8. In reply, Mr. Anis Akhtar, learned counsel for the petitioner has argued that the judgment of the Apex Court reported in Sunita Kumari Kashyap Case (supra) is per incuriam since the Apex Court had not considered the earlier judgment of the Apex Court in Y. Abraham Ajith Case (supra), and as such, no reliance can be placed on Sunita Kumari Kashyap Case (supra). 9. So far as the plea taken by Mr. Anis Akhtar that judgment of Sunita Kumari Kashyap Case may not be taken note of is concerned, the court is of the opinion, that submission of learned counsel for the petitioner is misconceived. Time without number, it has been held, that if on one point there are two judgments of the similar bench, then the court is required to follow the recent judgment.
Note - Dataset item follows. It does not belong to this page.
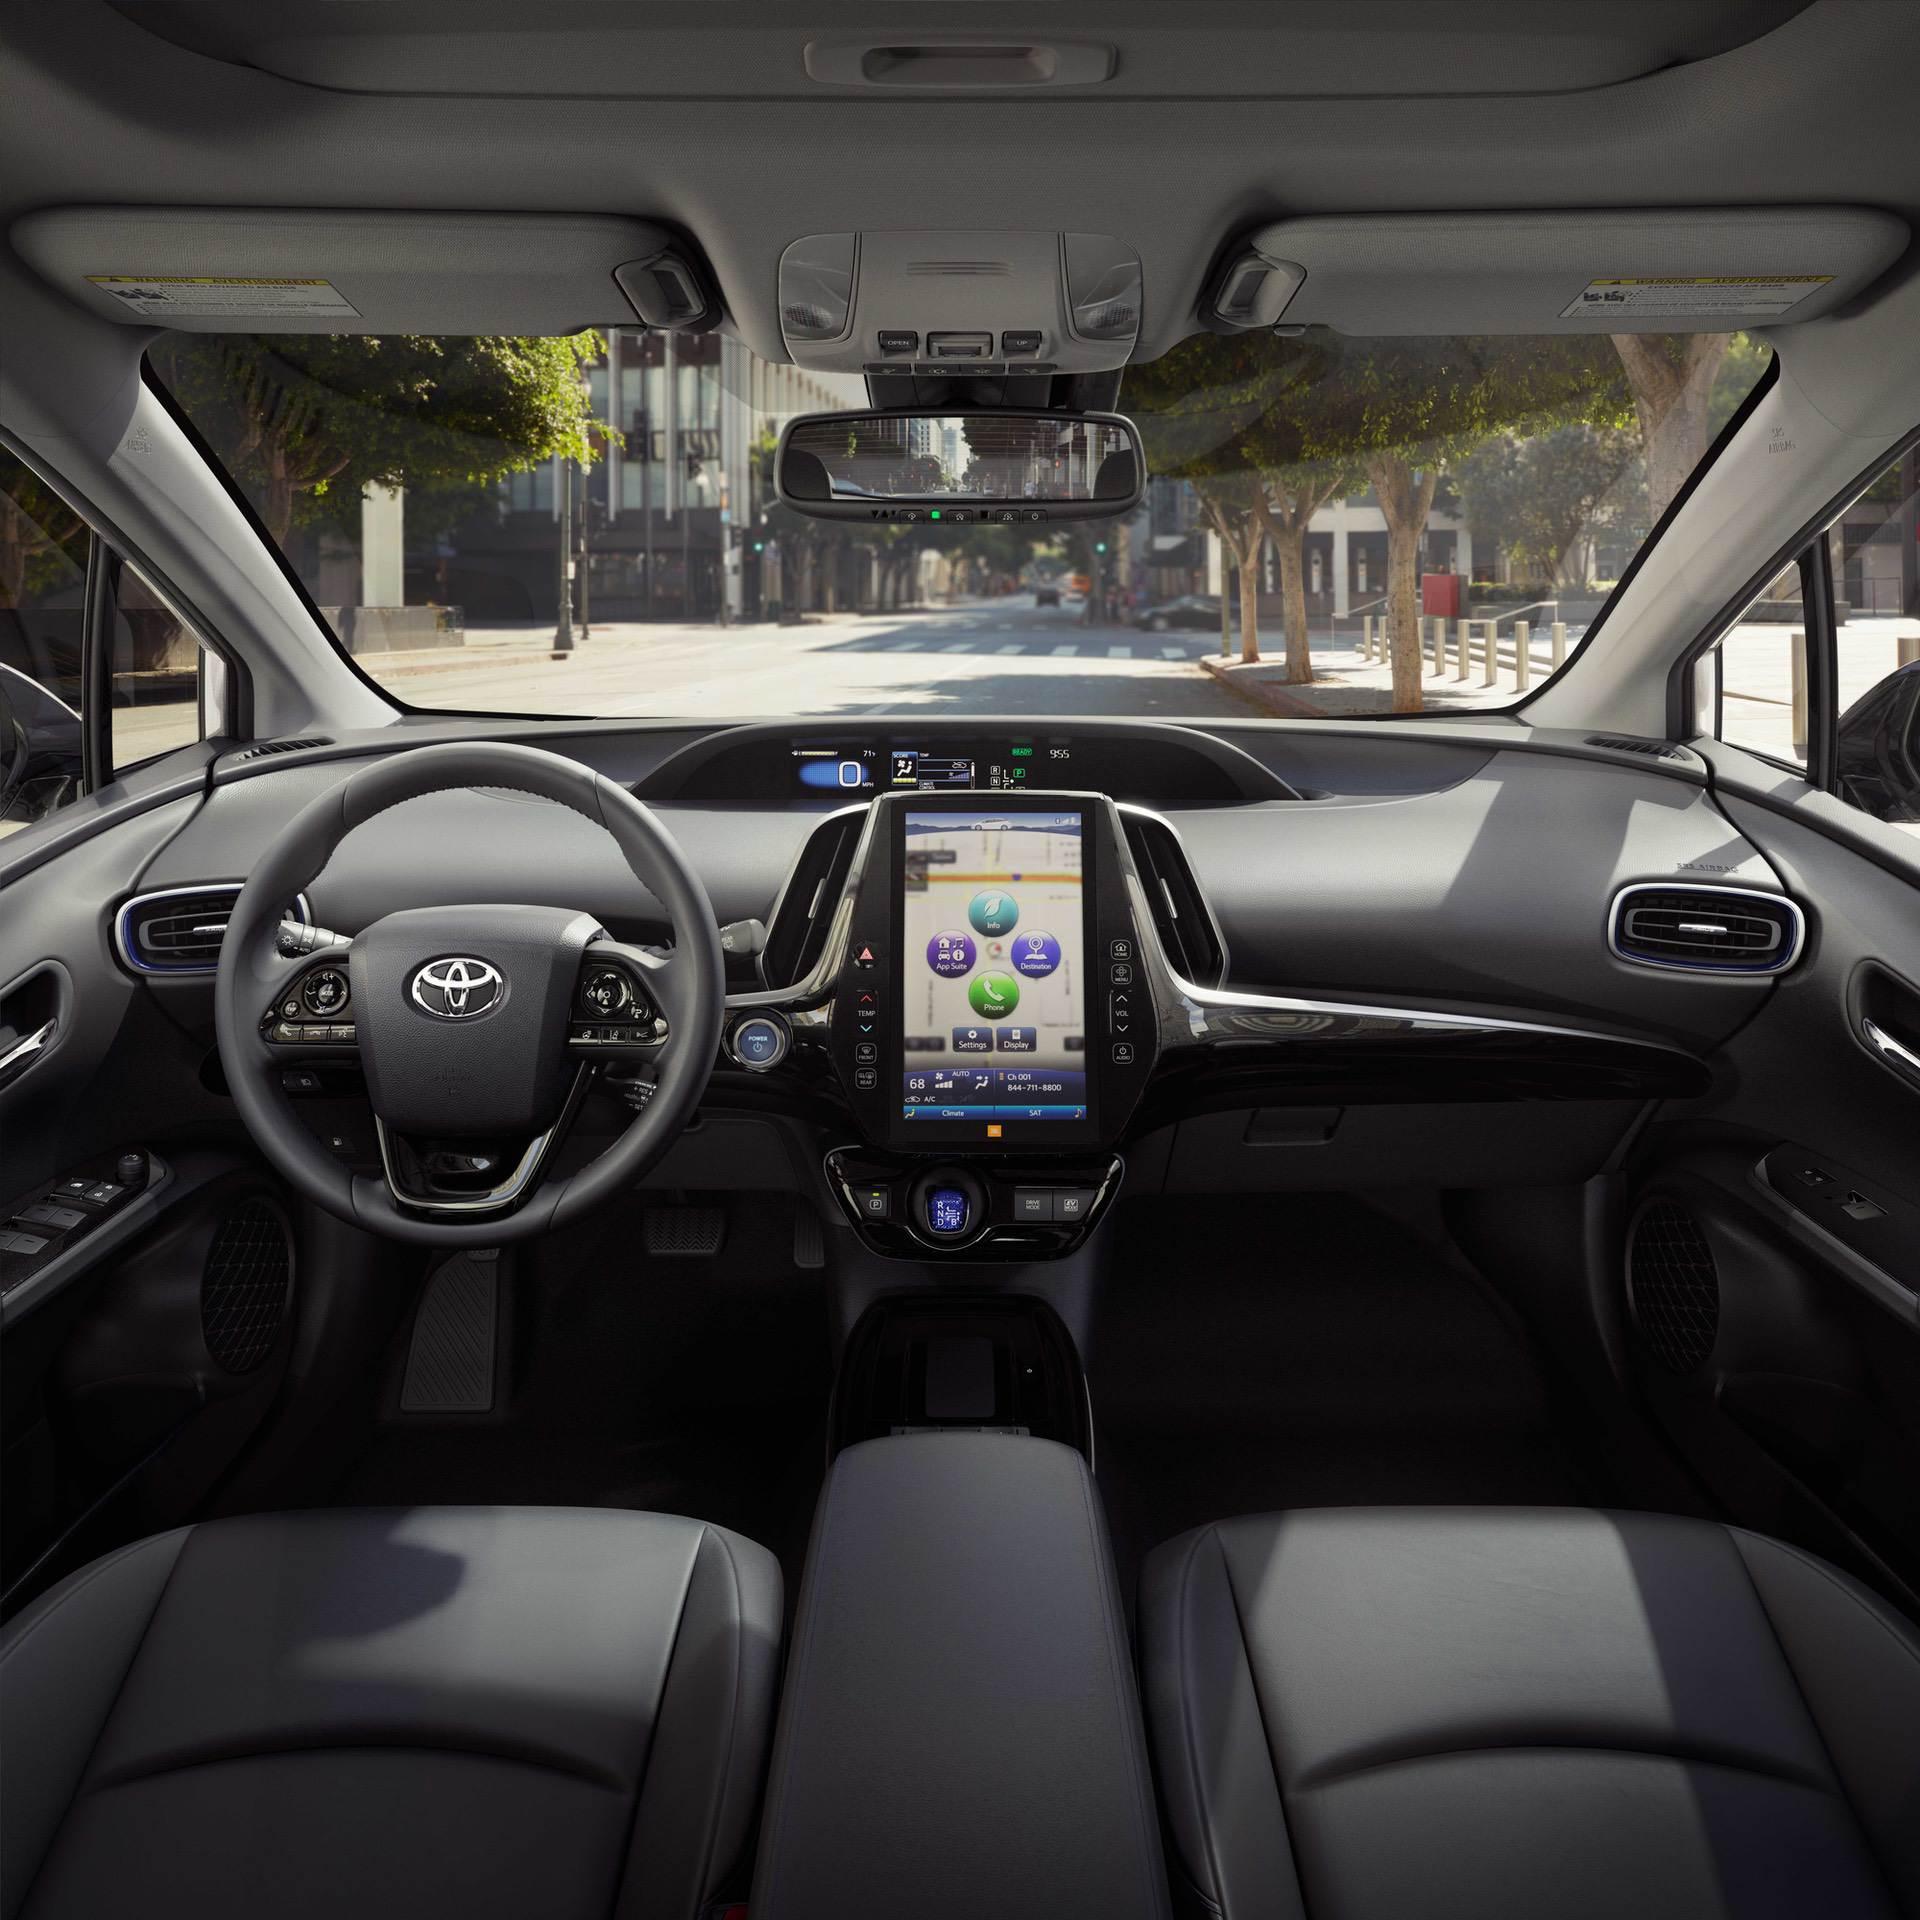 2019_Toyota_Prius_facelift0010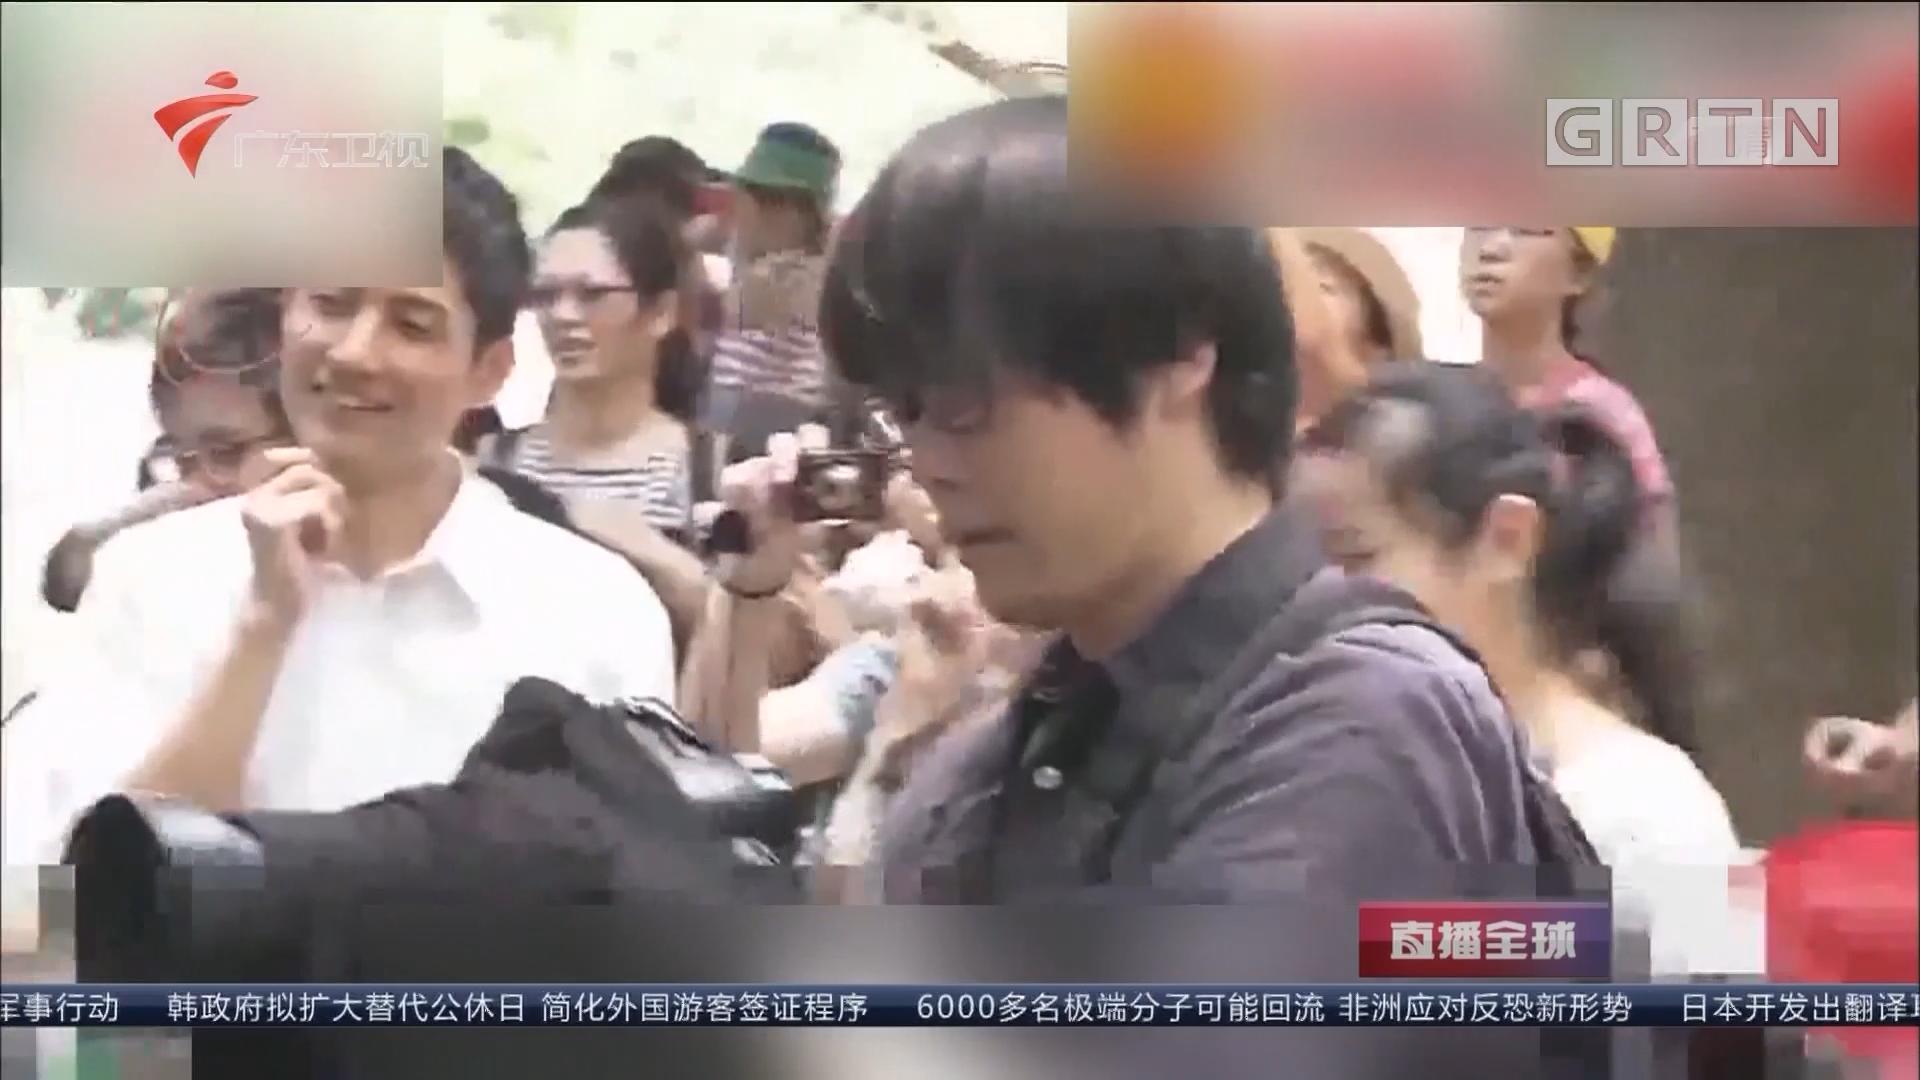 日本人到底有多喜欢熊猫 日本男子沉迷熊猫 每天拍熊猫坚持6年

Recent judgment has been passed in Sunita Kumari Kashyap Case in 2011, and as such, this court can not over look the law laid down in Sunita Kumari Kashyap Case. Besides this, in the complaint petition itself there was specific allegation which discloses that part of cause of action arose within the jurisdiction of the court of the learned Magistrate situated at Biharsharif, Nalanda which is evident from the statement made in the complaint petition. 10. In view of the facts and circumstances as indicated above, the court is of the opinion, that since part of cause of action arose within the jurisdiction of the court at Biharsharif, the order of cognizance, on the plea taken by learned counsel for the petitioner, can not be interfered with. Accordingly, the petition stands dismissed.